Issues are issues no matter where you end up in Mississippi.
That’s one of the things I learned last week while moderating a mayoral debate in Indianola.
This Sunflower County town in the heart of the Mississippi Delta is battling the same problems that everyone is battle whether there or West Point or Natchez or Pascagoula.
Indianola needs better streets and schools, safer neighborhoods and more businesses.
The residents seem to be wanting a change of leadership, and they came to the Sunflower County Courthouse looking for answers from four candidates vying for the Democratic nomination.
Mayor Arthur Marble has been in office for the last eight years and is fighting to keep his office.
The challengers are a local businessman (Steve Rosenthal), a retired military officer (John Matthews) and a retired businessman (Clanton Beamon).

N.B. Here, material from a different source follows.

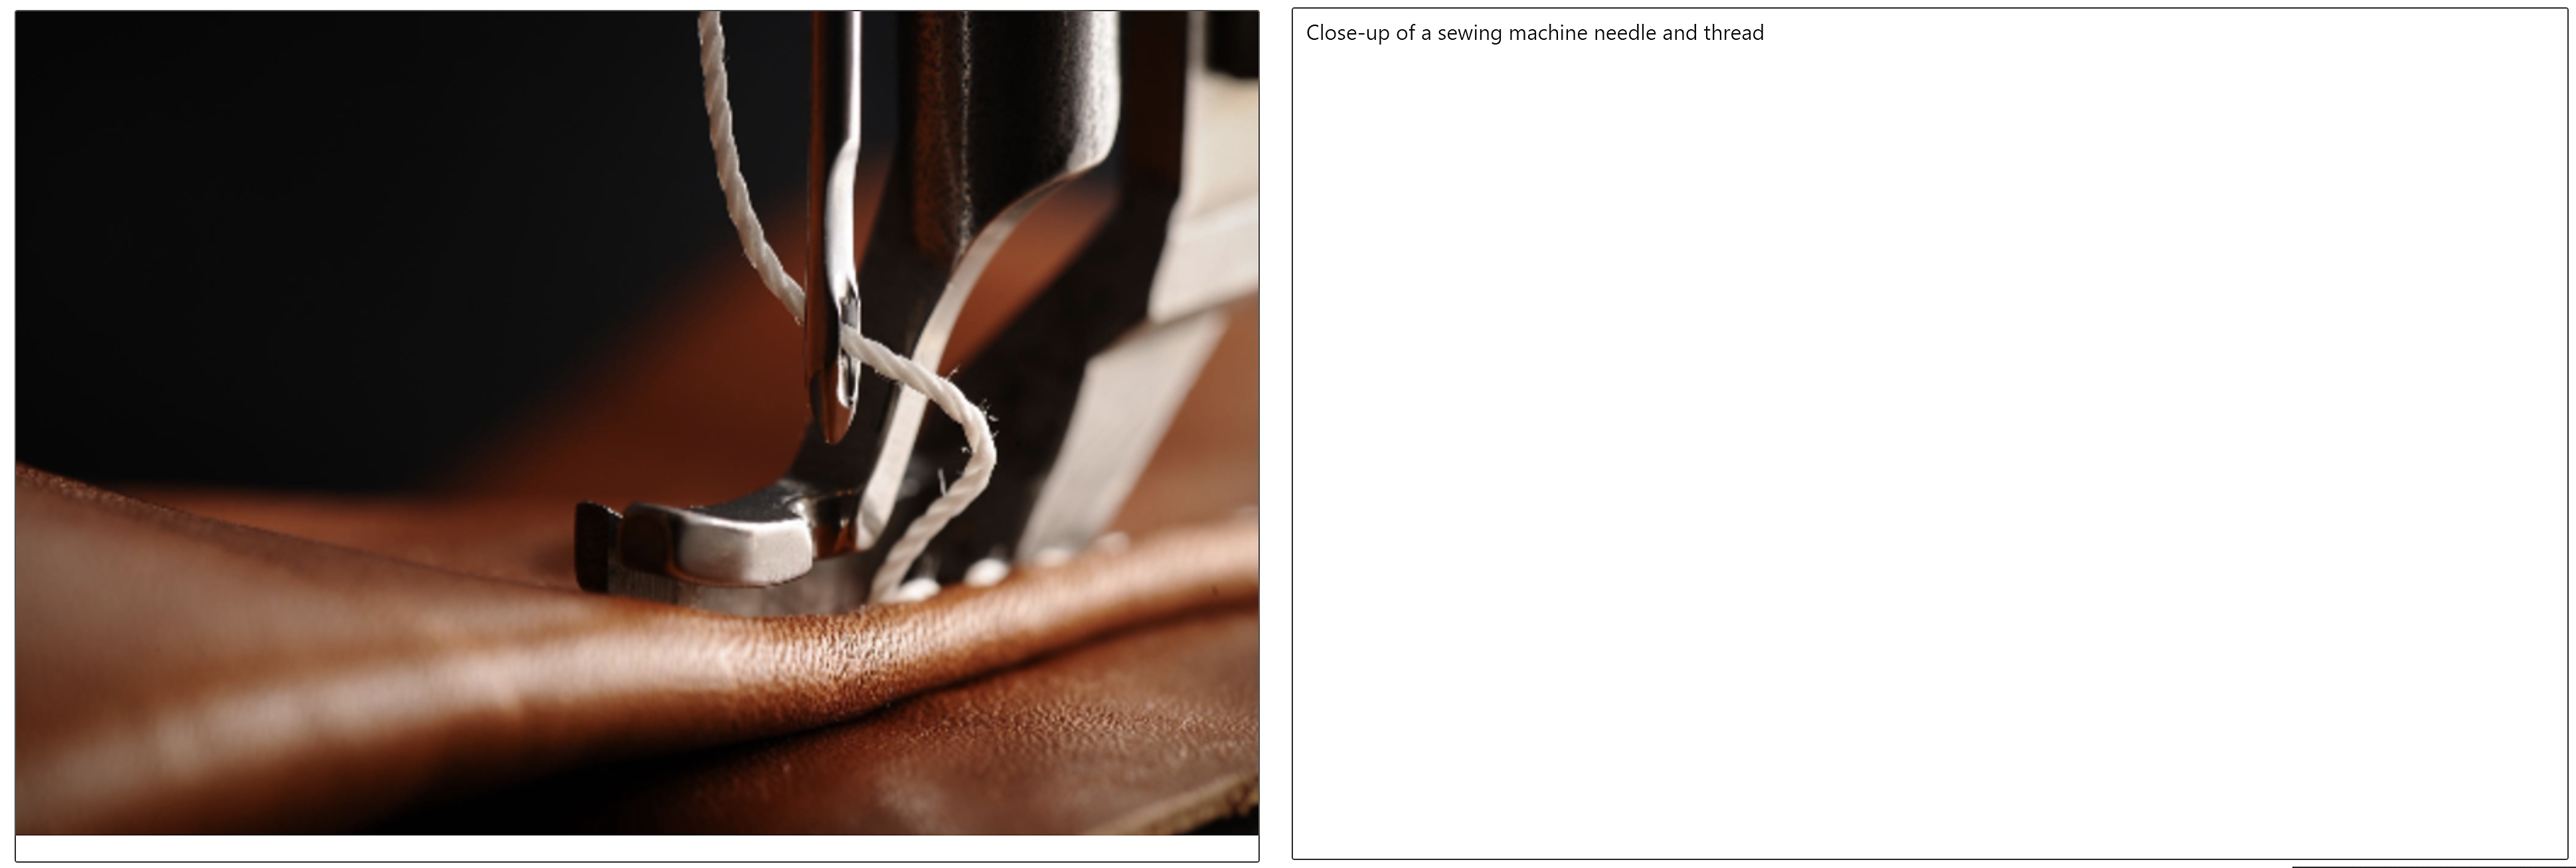 裁縫機針頭和線穿入皮革的特寫，以及該影像的標題在旁邊顯示

All of this came the same day that Alan Canning Company in Sunflower County announced that 140 jobs would be eliminated.
That was big news as the vast majority of the jobs are filled by folks from Indianola.
Sunflower County already has an unemployment rate of 11.8 percent, and the loss of another 140 jobs will be a tough pill to swallow.

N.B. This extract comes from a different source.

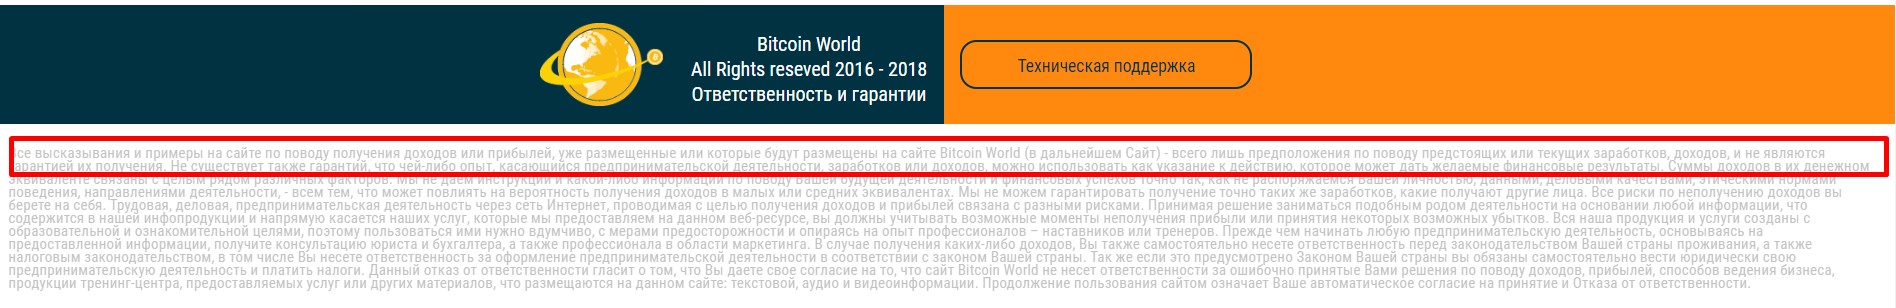 Bitcoin world честные отзывы о проекте!

Yet, none of the candidates really had an answer about what to do about unemployment.
“We have to try and recruit more business to town,” one candidate said.
“We need to bring businesses like a Red Lobster, something Greenville and Greenwood don’t have,” another said.
“We have to look for businesses that are willing to relocate to Indianola,” still another said.
Heard those answers before?
That could have been at the mayoral debate in most any small town in Mississippi.
But no one had a solution.
We need better schools, they all said.
Another said he will hold the school board accountable.
Still another said parents need to get more involved.
Yet, no specific answers.
When it came to the tax base for Indianola, none of the candidates new the exact number for sales tax numbers.
They all had a general idea, but facing uncertain times, no one had really done their homework.
They all want to work with other communities to bring more jobs to the area.
But there were no specifics.
Likely, there are two candidates that have a better understanding of the issues than the others, but, like so many communities in our great state, a specific plan needs to be in place.